Dio ti benedica. E tu benedicimi. Tuo. Giovanni.
v. 12 “Beato l’uomo che sopporta la tentazione..” La prima parola di oggi ci collega alle beatitudini del Vangelo, con la forza di speranza attuale e la promessa come esito finale: “riceverà la corona della vita”. “…per coloro che lo amano”: ci si può mettere al servizio del Signore per amore, e quindi anche sopportare le prove per amore. Il verbo al presente suggerisce una perseveranza nell’amore: quelli che “continuano ad amarlo” anche nella prova. Ricordiamo la tentazione della moglie di Giobbe: “Ora smetti di avere fiducia nel Signore!”. Oggi il brano letto ci dice chiaramente che le tentazioni non vengono da Dio, ma dalla nostra concupiscenza, dalle passioni che sono entro di noi. E’ qualcosa di interno a noi, ma che non è propriamente parte di noi, infatti da ciò noi veniamo “attratti (strappati fuori) e sedotti”. Nel v. vediamo che c’è la concupiscenza, poi c’è il peccato, poi c’è la morte: è una catena negativa (come pure notiamo una catena positiva al v. 12: tentazione, perseveranza e corona di vita). Anche nel brano precedente (vv. 9-11) abbiamo ascoltato una serie di vicende “negative” che accadono al ricco. Queste parole di oggi, possono anche voler dire semplicemente come è la vita degli uomini quando sono soli con se stessi.

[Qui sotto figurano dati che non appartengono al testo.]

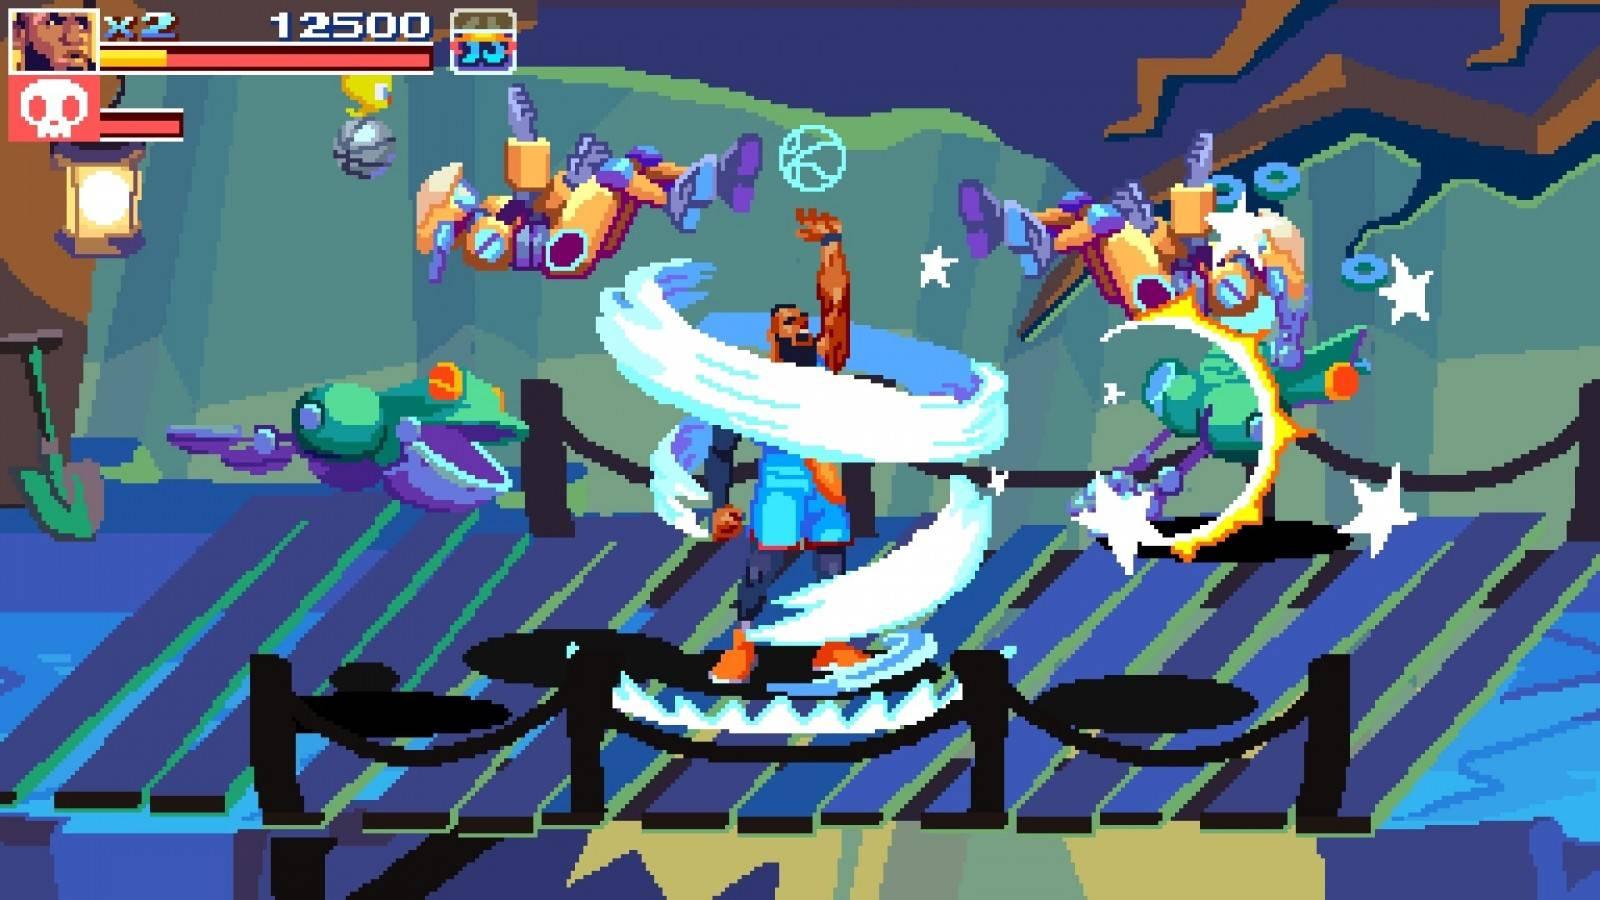 El juego de Space Jam 2 ya tiene fecha de lanzamiento 3

In realtà ci può essere un cambiamento nella vita delle persone, allorchè si evita l’inganno di considerare Dio causa di nostra condizioni o azioni negative.,Infatti la lettera ci esorta a non dire: “Sono tentato da Dio!”, cioè ci esorta a non lasciarci ingannare, per non perdere Colui che solo ci può aiutare spezzando questo ciclo di causa-effetto che ha come suo esito la morte. La perseveranza nella prova può anche avere l’aspetto della “stabilità” come è prevista nella nostra Piccola Regola. Stabilità che è insieme perseveranza, sottomissione e fedeltà. Come il salmo 1 che canta la beatitudine dell’uomo che fedelmente rimane nella legge, nella parola, del Signore.